THE RICH HERITAGE OF ARCHITECTURAL DETAILS

Although it is true that the vast majority of English buildings in Virginia during the seventeenth century were simple and unadorned, constructed by plain people, there was a large number of structures which had ornate or costly details and exquisite furnishings. What is known about these interesting features is still largely unknown to Virginians, and it is the purpose of this chapter to make mention of some of them.

The richest details known to a seventeenth-century building in the Old Dominion appear to have once upon a time decorated the ceiling of the Great Hall of "William Sherwood's House," built about 1677-80 in Jamestown. The dwelling was a small, brick, storey-and-garret residence built on top of and across the foundation ruins of the old "Governor's House," already described. Mr. Sherwood's Great Hall, seventeen feet by sixteen in size, was rented in 1685 by the Government of Virginia and used as a Council Room by His Majesty's Governor and Council.

Now for the discovery. It was in the excavations of 1935 in Sherwood's neat, brick basement, and in the area immediately surrounding that cellar, that more than fifty thousand fragments of plaster were retrieved. There are still some who do not believe that this plaster work came from Sherwood's House; but like "Kilroy," this writer was there and can vouch for its coming from Sherwood's. In fact we have charts showing exactly where each important fragment of plaster was found, and at what depth below the ground.
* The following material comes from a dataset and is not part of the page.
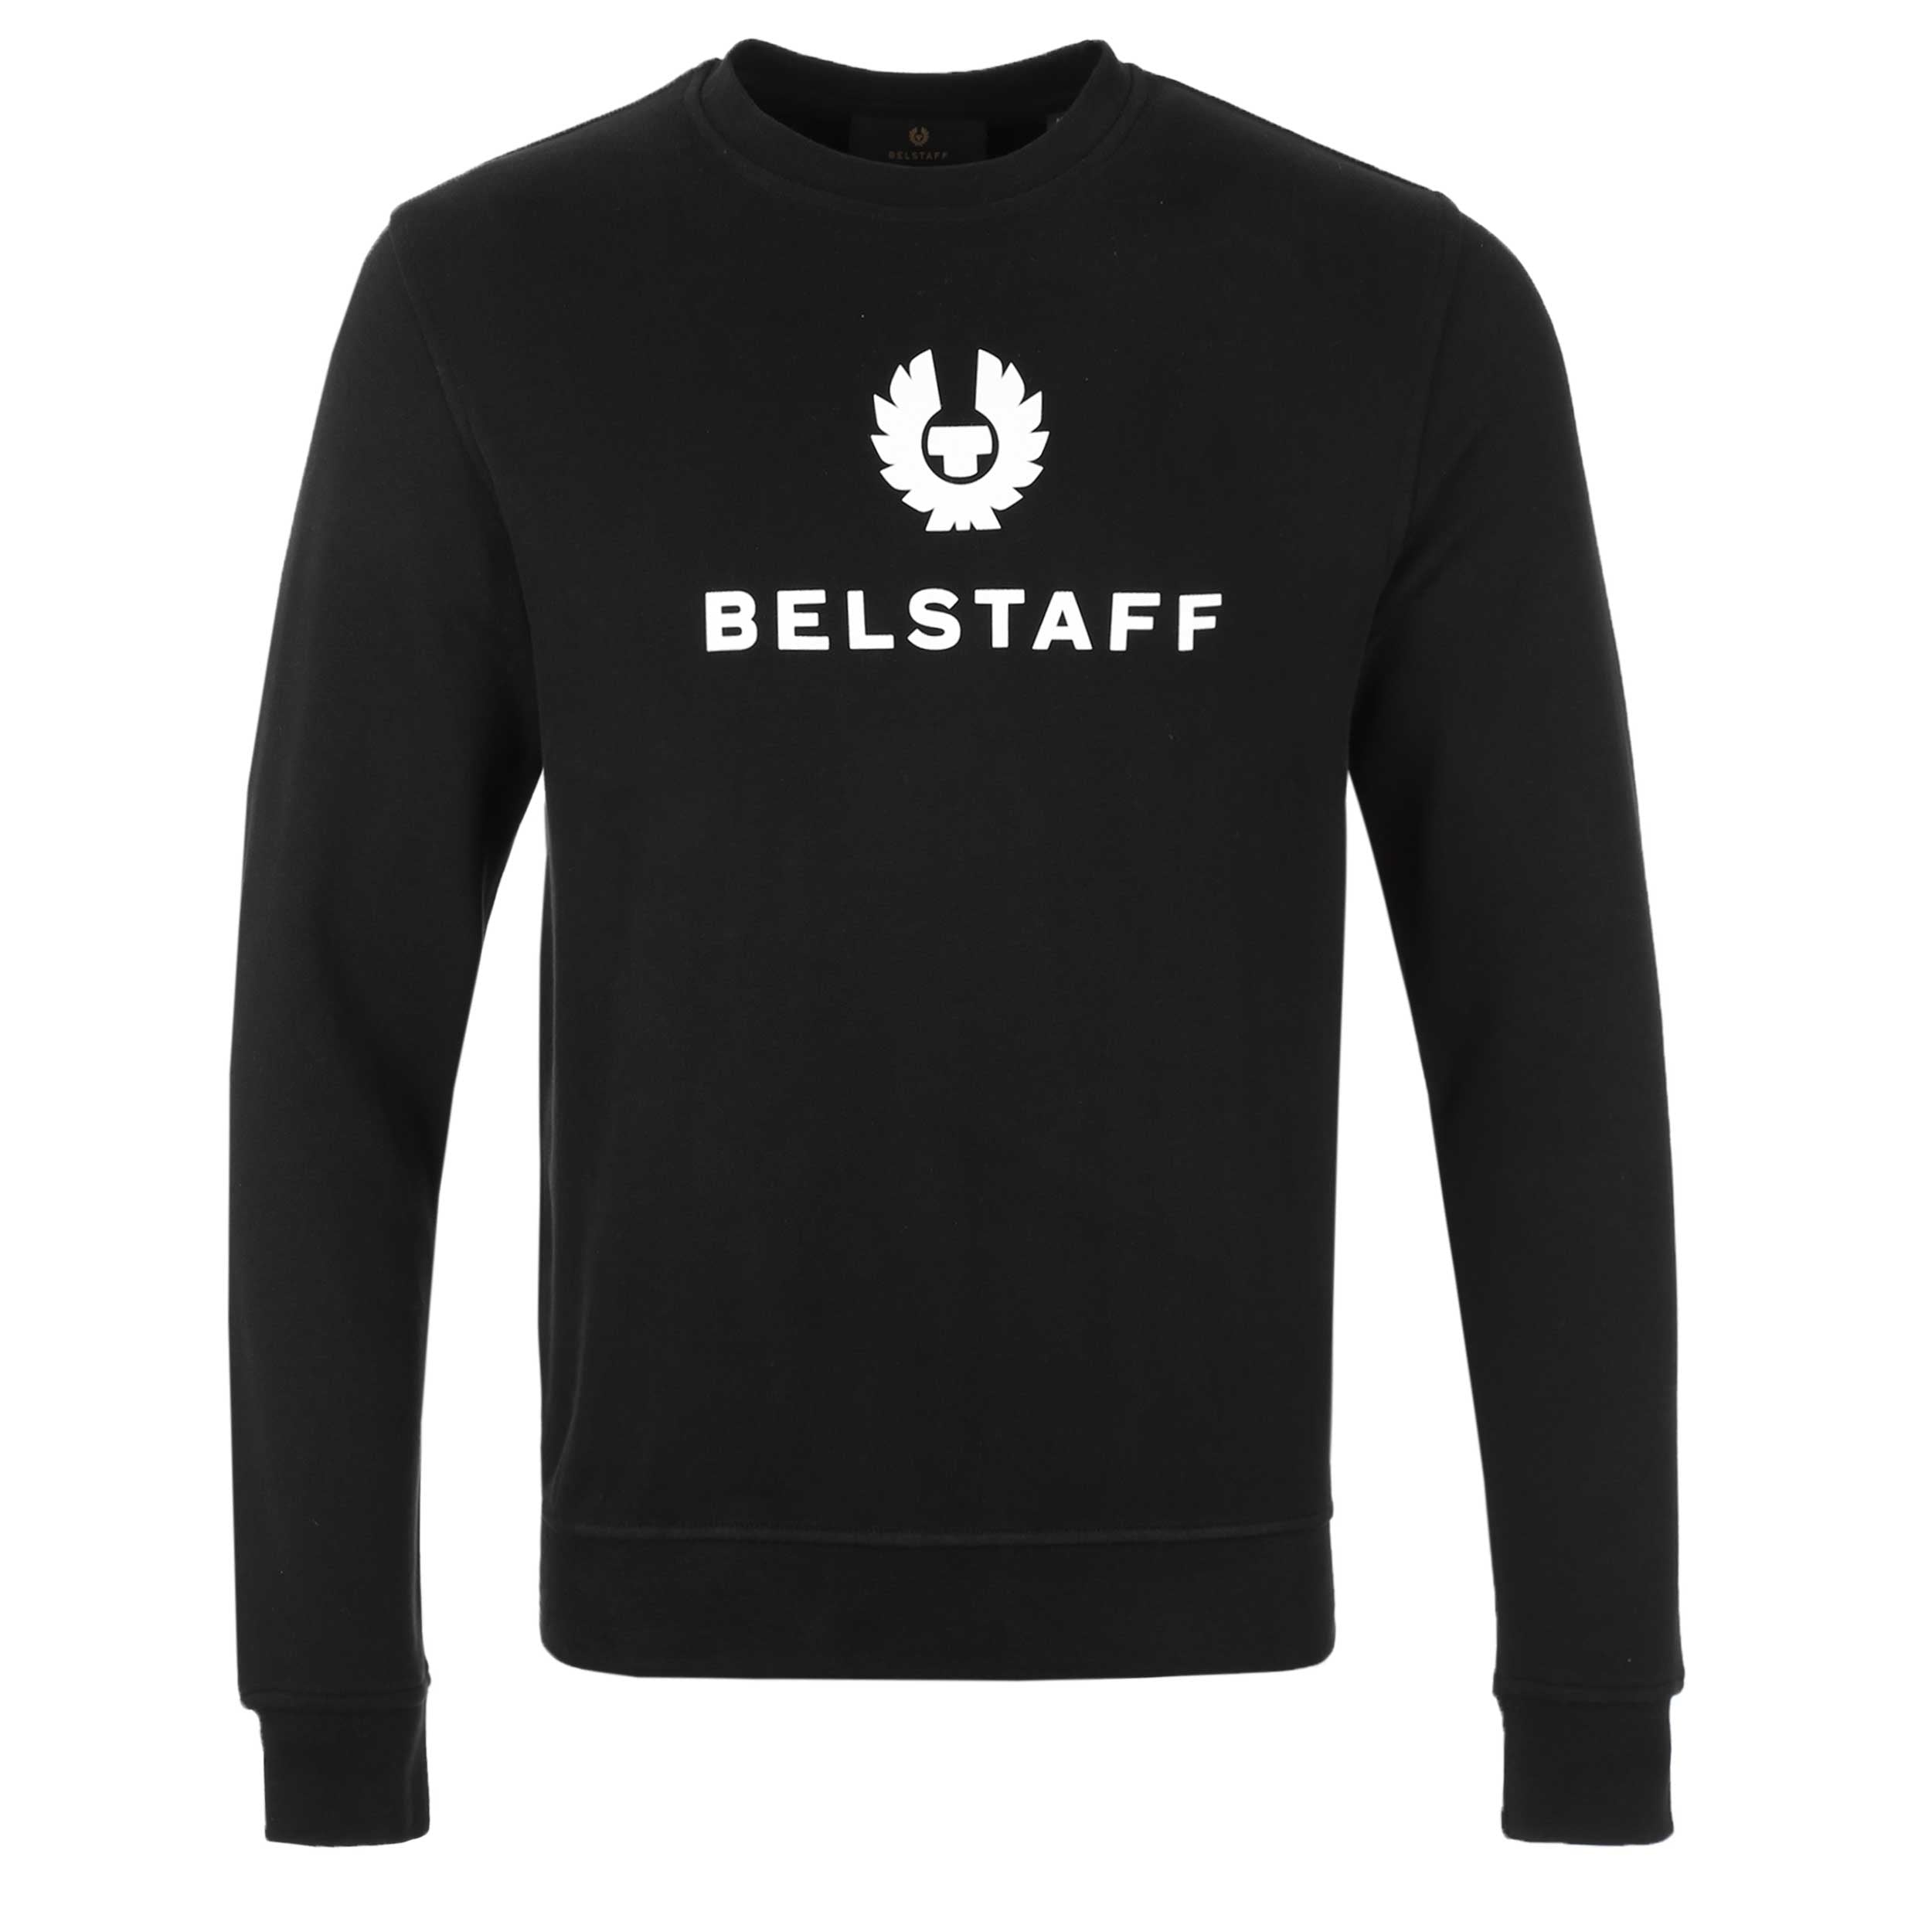 Belstaff Signature Crewneck Sweat Top in Black

At any rate, some of the plaster was colored or frescoed, and much of it was moulded. There were two particular pieces of plaster with raised letters upon them: on one the letters "VI," on the other the letter "Y." What did they mean? This writer invited Mr. Singleton Moorehead, of the Williamsburg Restoration, down to Jamestown Island to view the letters, and he immediately identified them as belonging to the "Garter" of the Royal Arms of Great Britain. In quoting what the Garter states, we have underlined the Jamestown letters, thus: "HONI SOIT QVI MAL Y PENSE." Translated, the words mean, "Evil be to him who evil thinks." There is no doubt that Mr. Moorehead was correct. The tail of the "Q" in "QVI" showed plainly, and the blank space in front of the "Y" indicated that it was a letter by itself. But with the Garter in hand we could identify the other important plaster finds—the masks, roses, leaves, the lion, the hand-and-book, and the ribs, which ordinarily divide a large plaster composition into separate panels—as part of the Royal Coat of Arms.

In England such a ceiling arrangement in plaster was called "pargetry" and was a Tudor manner of decorating an important room. How appropriate to find the Royal Arms of England in the room in Sherwood's which was used by His Majesty's Governor and Council. That was one of the great archaeological finds of America, and the translation of the inscription one of the great interpretations.
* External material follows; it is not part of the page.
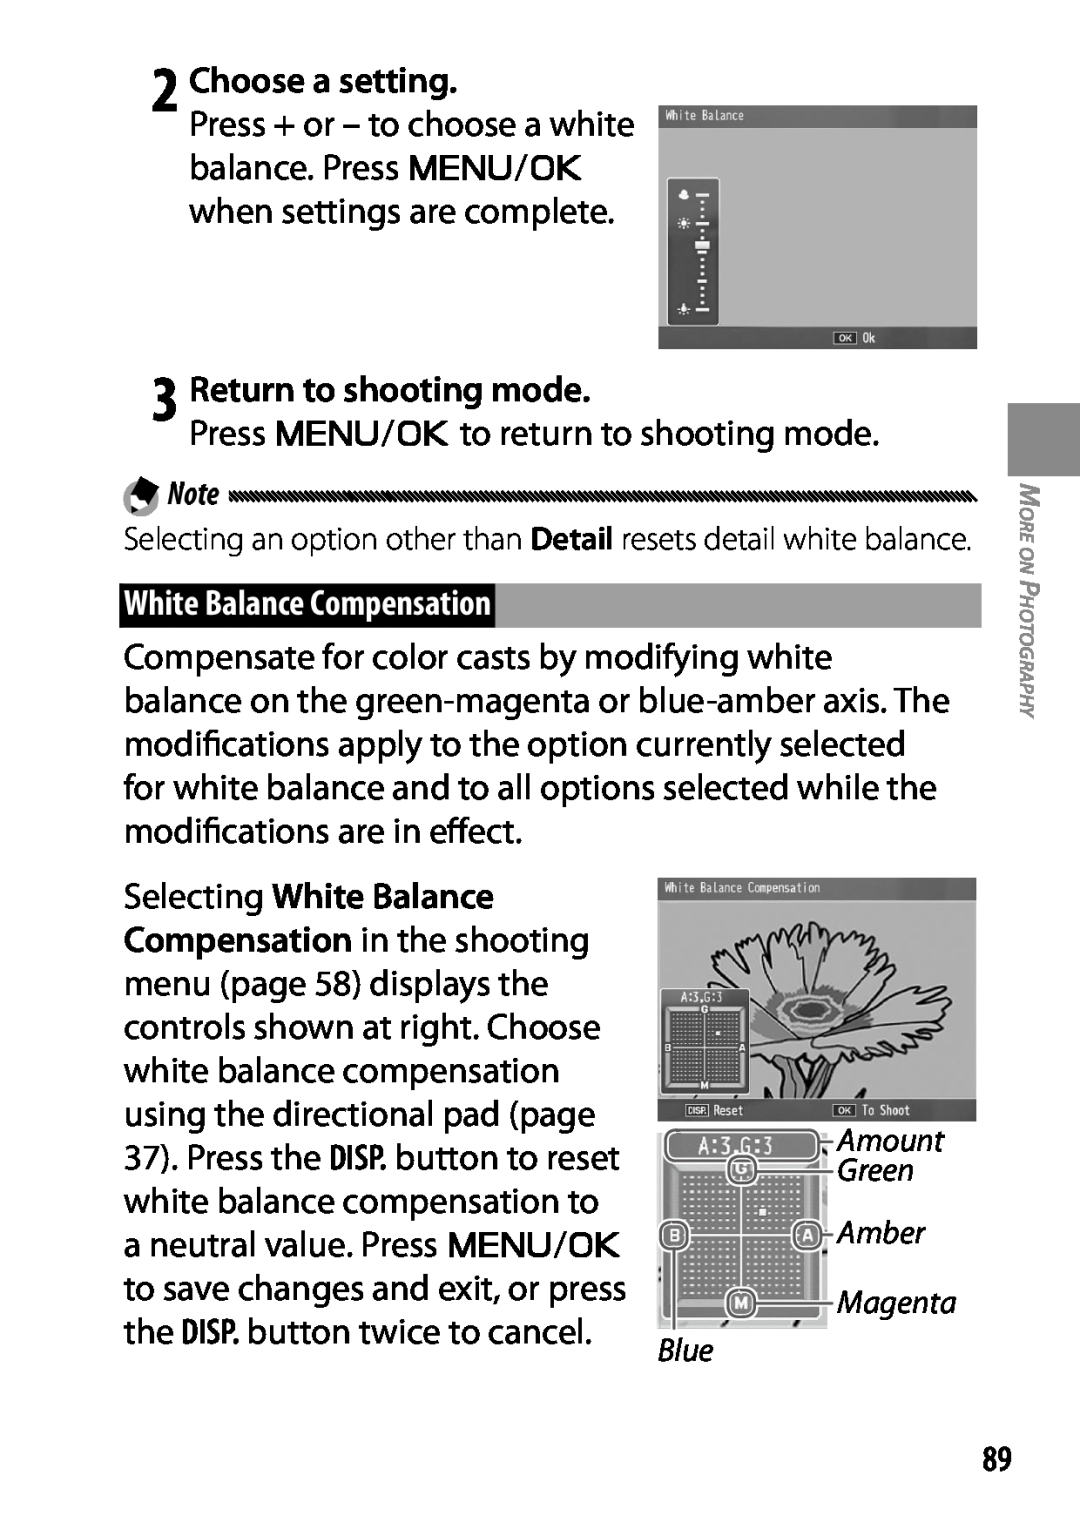 Ricoh 170553, GXR manual 2 Choose a setting, White Balance Compensation, Selecting White Balance, 3 Return to shooting mode

The important, widespread, and non-perishable building material of tidewater was brick; and when we take up the subject of seventeenth-century brickwork, we may still with justification hover about the ruins of "William Sherwood's House" at Jamestown as a starting point. It was there were found the largest and most varied collection of rubbed or gauged brick in that capital city. By "gauging"—and we have mentioned the term before in describing certain church doorways,—we mean that the bricks have been cut and finished off by rubbing upon a sandstone. In England by 1660, only about seventeen years before Mr. Sherwood's home was erected, gauged bricks had become widely popular. Such bricks were usually lighter in color than the run-of-the-mill bricks, and were employed on cornices, belt or string courses, quoins at the corners of buildings, and the heads and jambs of openings. They dressed up an edifice in the eye of the seventeenth-century beholder.